**DIRECTIONS FOR THIS TASK**
Below is a listing; repeat exactly the lines from the one containing "Badezimmer Fenster Behandlungen" to the one containing "Película de driver", both included.

**EXERCISE DATA**

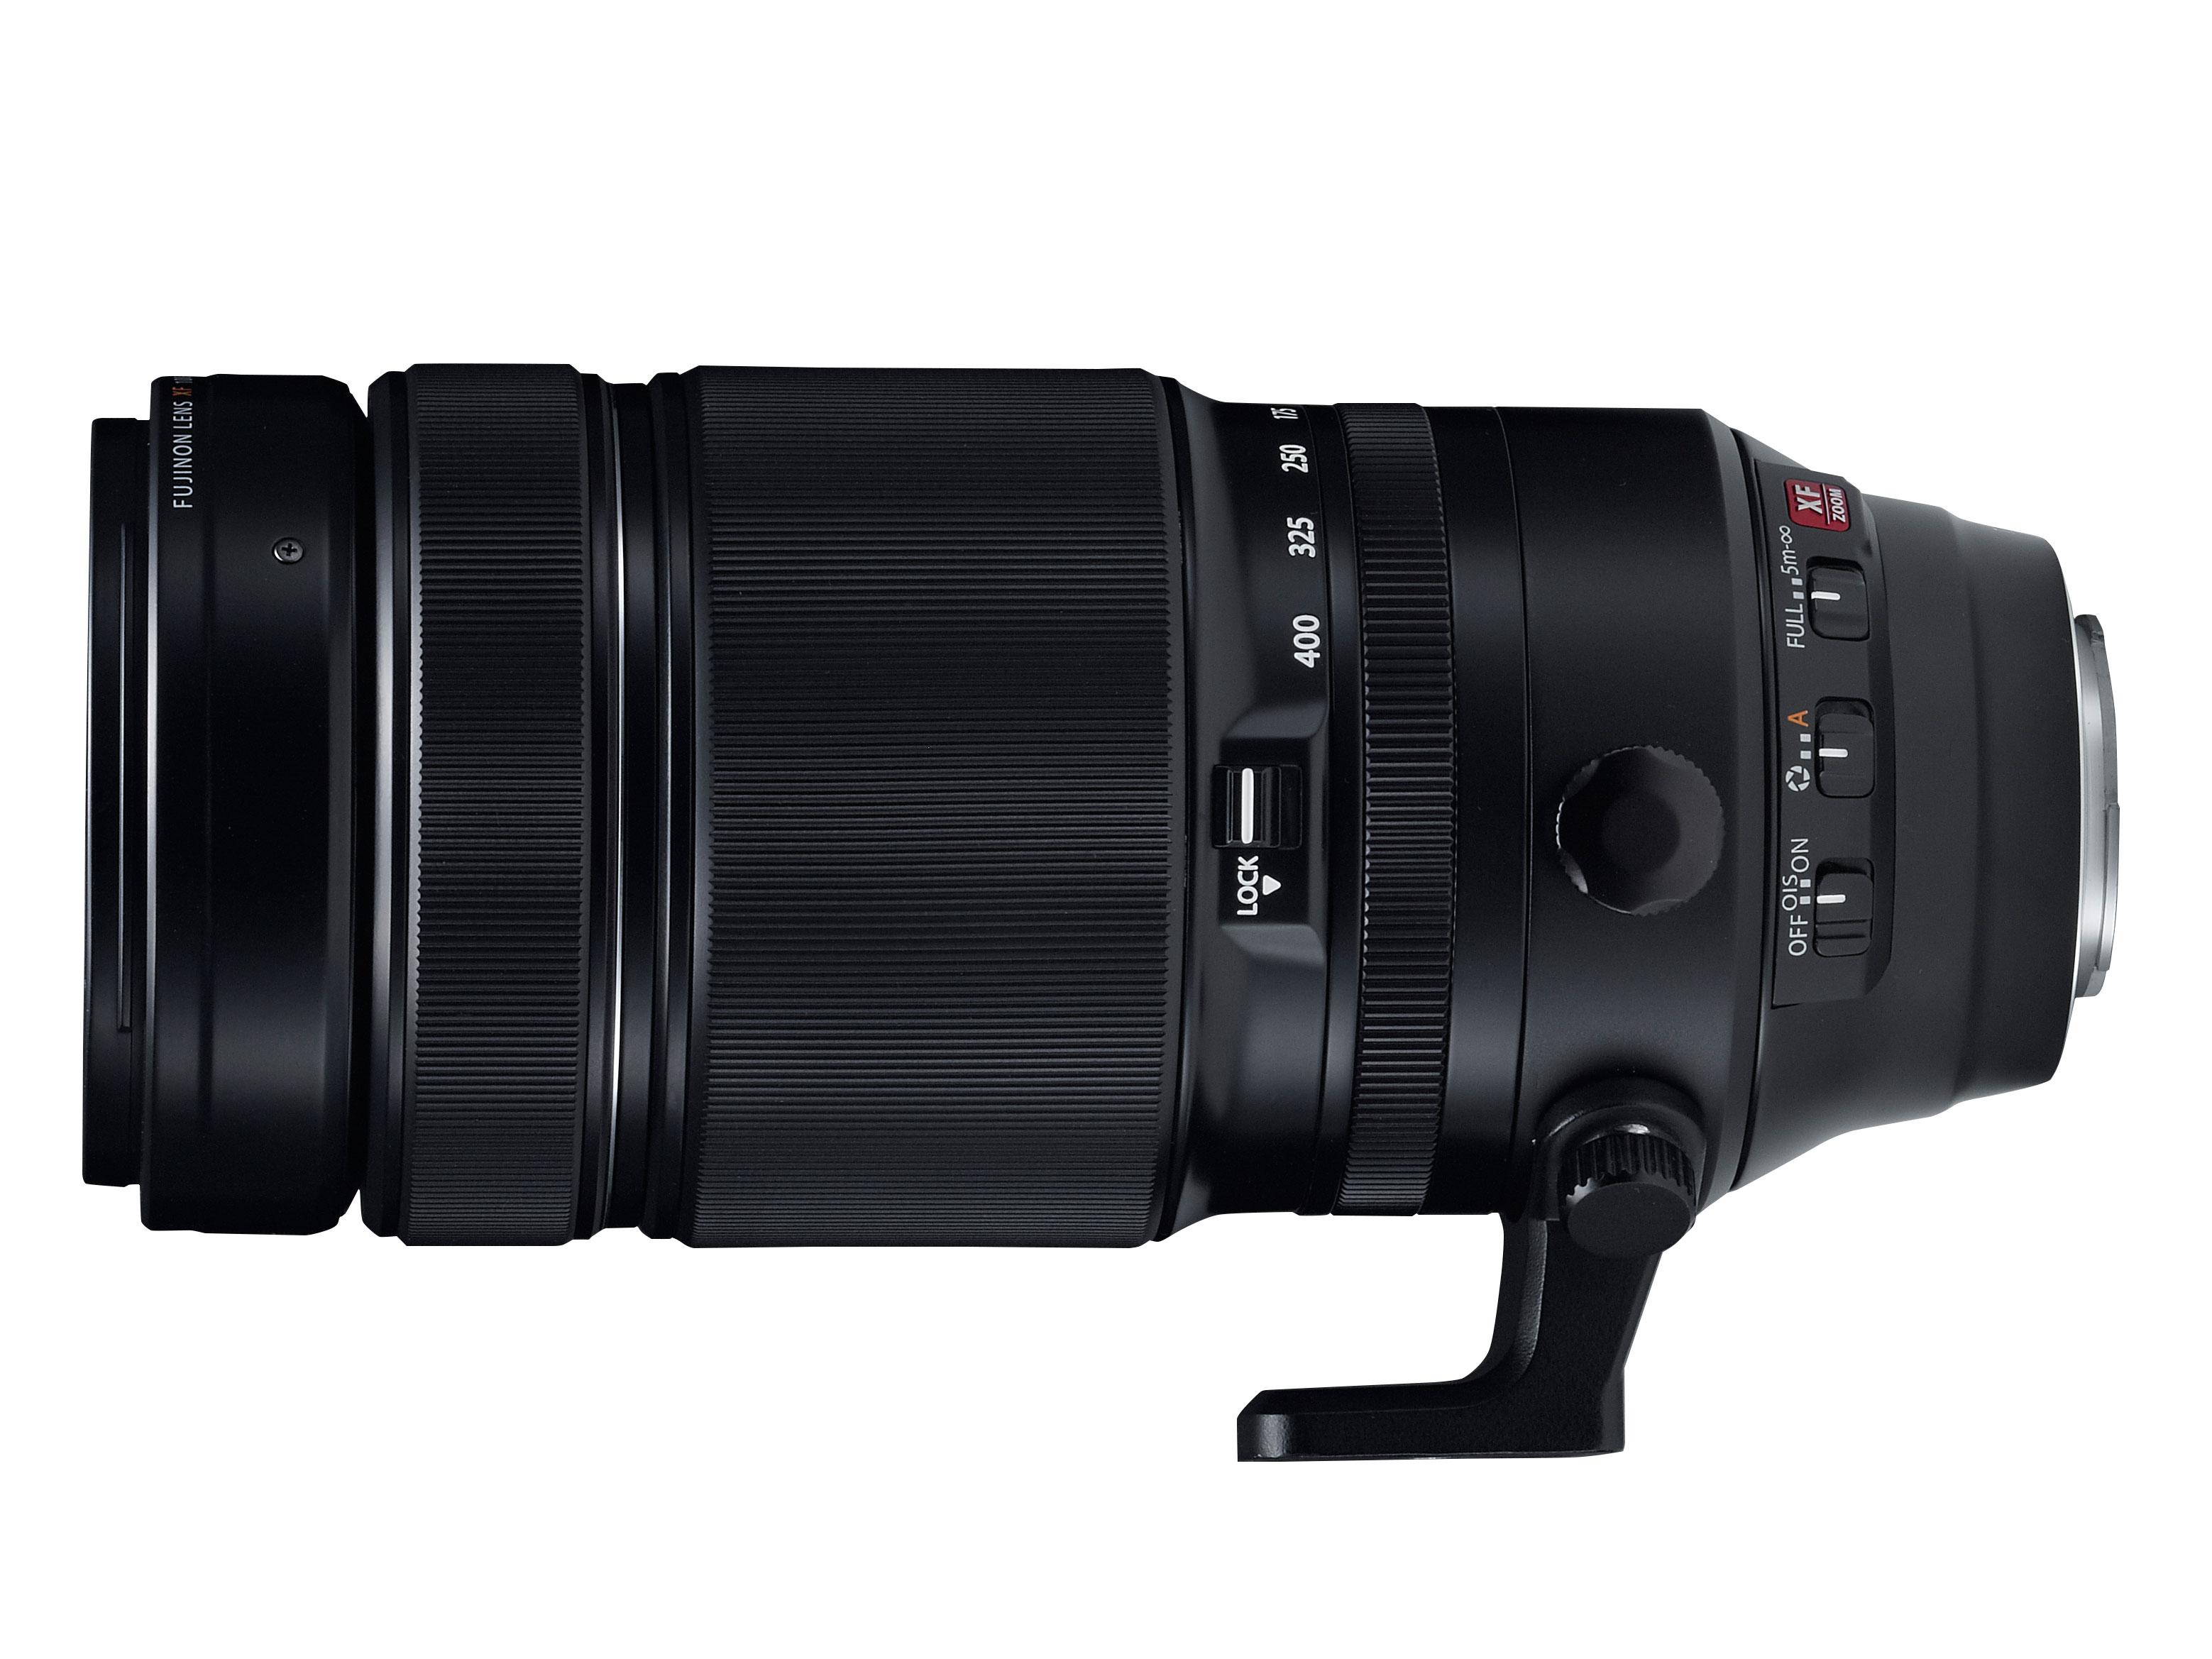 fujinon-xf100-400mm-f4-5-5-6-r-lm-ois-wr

==

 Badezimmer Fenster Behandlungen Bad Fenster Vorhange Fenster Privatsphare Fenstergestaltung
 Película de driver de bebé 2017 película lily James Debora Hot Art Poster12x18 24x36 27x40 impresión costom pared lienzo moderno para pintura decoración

...

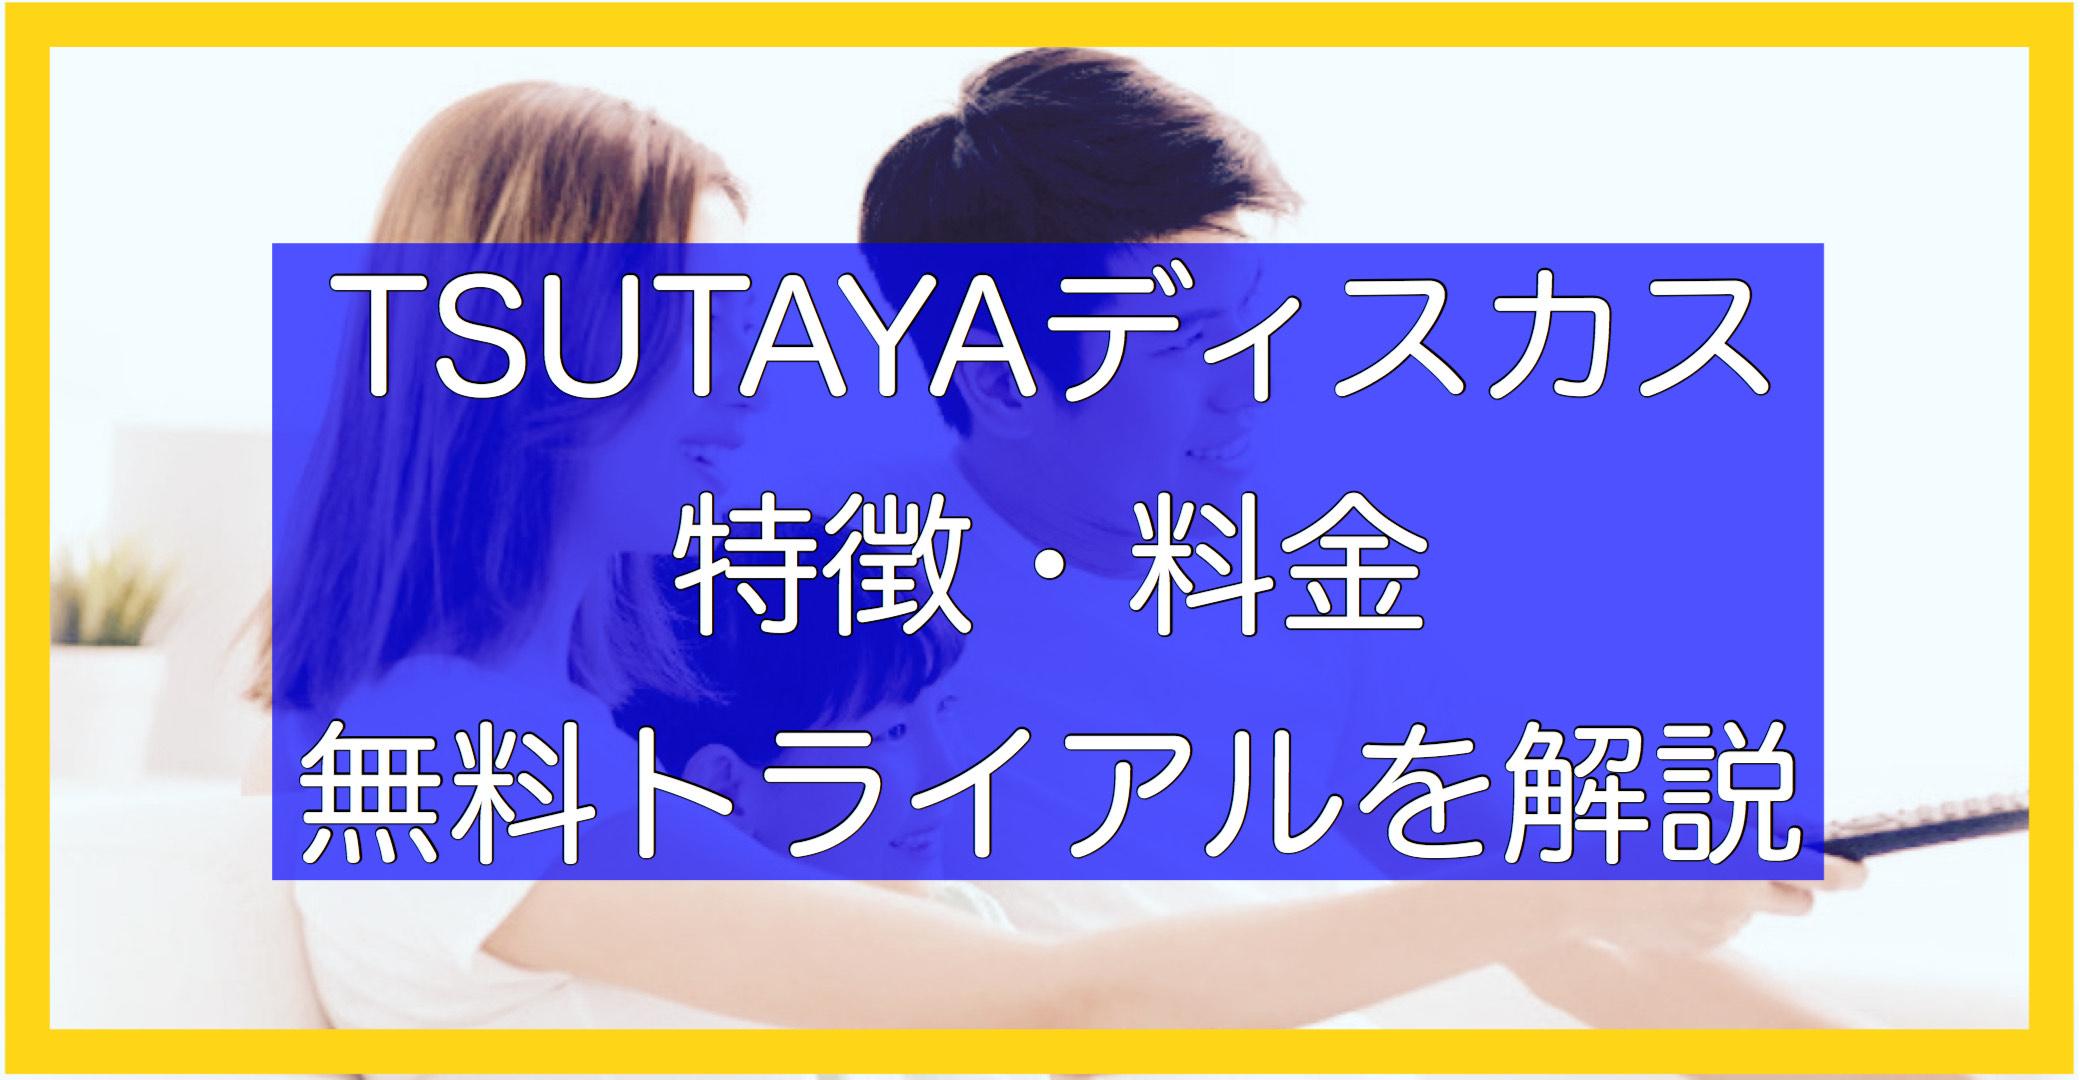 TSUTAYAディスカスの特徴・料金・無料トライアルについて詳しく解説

**EXERCISE OUTPUT**
 Badezimmer Fenster Behandlungen Bad Fenster Vorhange Fenster Privatsphare Fenstergestaltung
 Película de driver de bebé 2017 película lily James Debora Hot Art Poster12x18 24x36 27x40 impresión costom pared lienzo moderno para pintura decoración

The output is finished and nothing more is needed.